Implementation

The final experimental implementation is based on incremental models from the scikit-learn library. These models use Action Units (AU) extracted from CFEE dataset images, as well as feature vectors from pre-trained models.

Implementation

We first compared several non-incremental models to establish a performance baseline. The most effective model across the 22 emotion classes was a Random Forest, achieving a score of 0.69. This step helped us evaluate how incremental models perform in our context. As previously mentioned, we use the CFEE dataset and extract Action Units (AU) using OpenFace.

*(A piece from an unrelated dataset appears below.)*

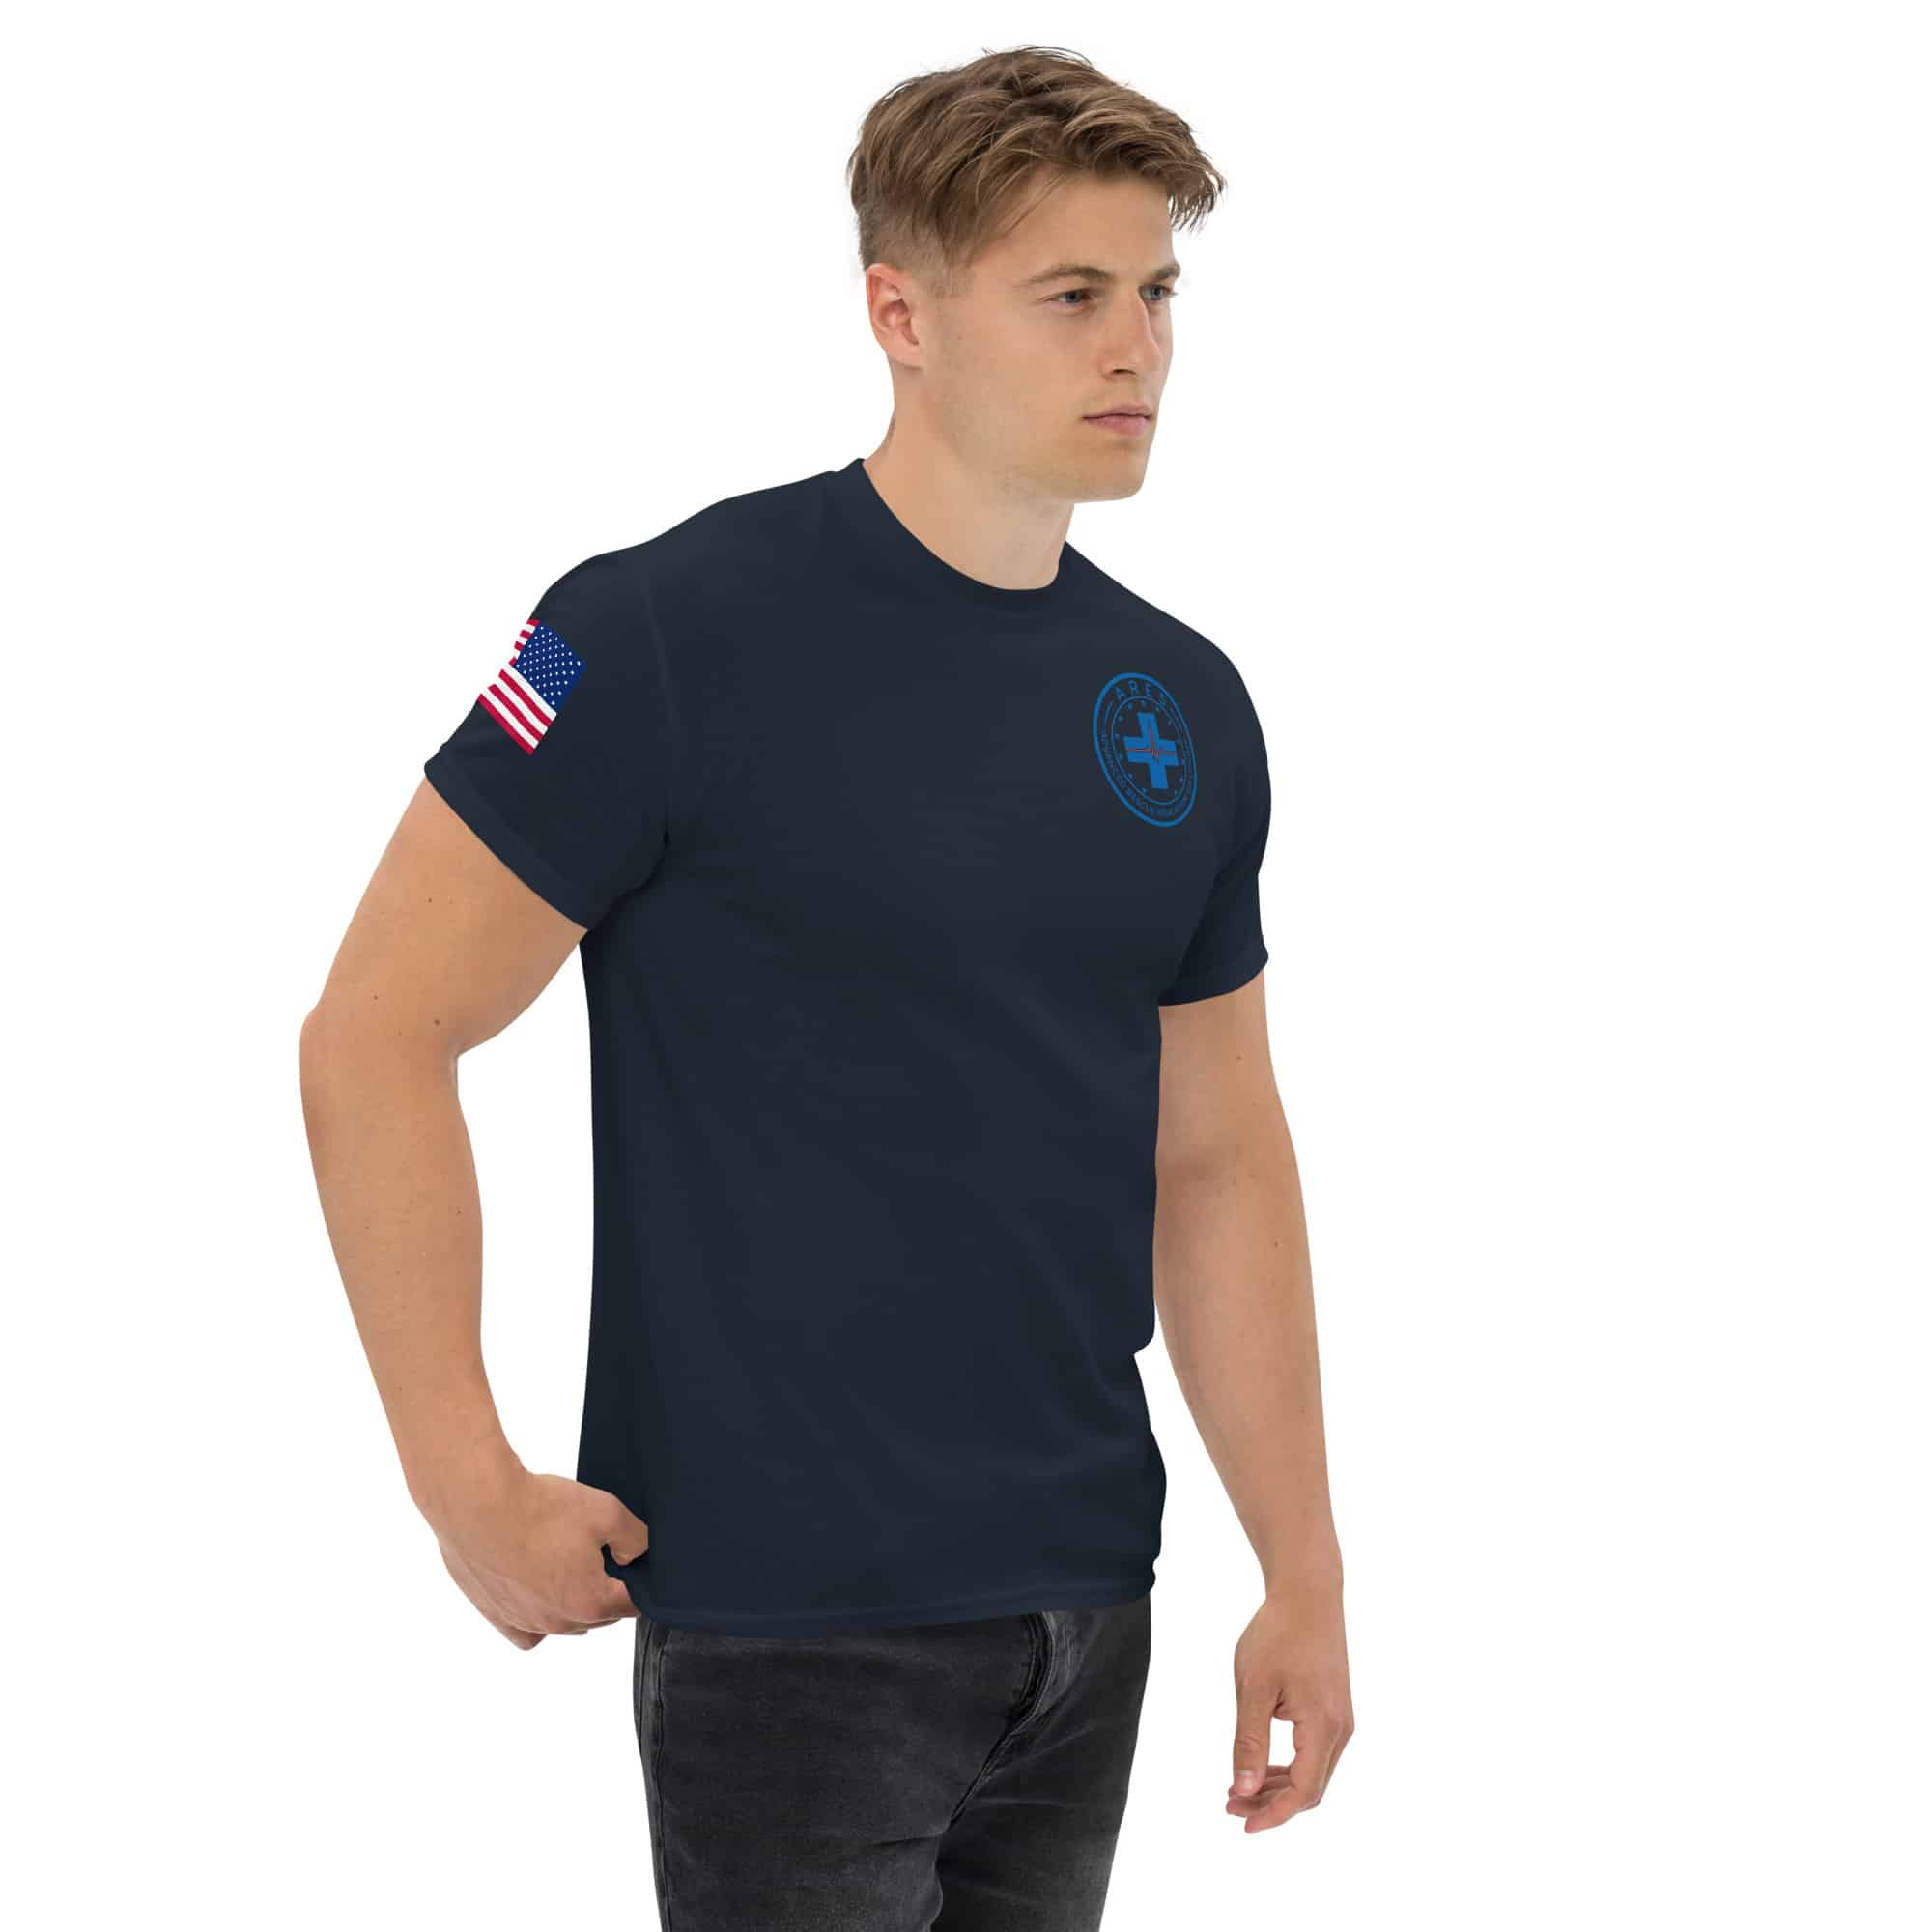 ARES EMS Student Shirt - ARES Education

In addition to AUs, we extracted advanced feature vectors using pre-trained models such as GoogleNet, ResNet, and MobileNet. These features enrich the input of classification models by providing more complex visual representations than AUs alone.

Incremental Models

For incremental learning, we used models from the scikit-learn library that support data input in batches, including:

Random Forest (adapted via partial_fit)
Perceptron (SGDClassifier)
Bernoulli Naive Bayes (BNB)
Multinomial Naive Bayes (MNB)
MLPClassifier (iterative batch updates)
Passive-Aggressive Classifier (PAC)

The performance of these models using only AUs is shown below:

Performance of incremental models with AU

These models were then tested using enriched input: AU + CNN features, to evaluate the impact of this combination.

Pre-trained Models

We evaluated several CNNs pre-trained on ImageNet, applied to the 7 basic emotions (6 Ekman emotions + neutral). This restriction follows the incremental learning setup, where the model doesn’t have access to all classes from the start.

The purpose is to use these CNNs solely as feature extractors, removing their final classification layer.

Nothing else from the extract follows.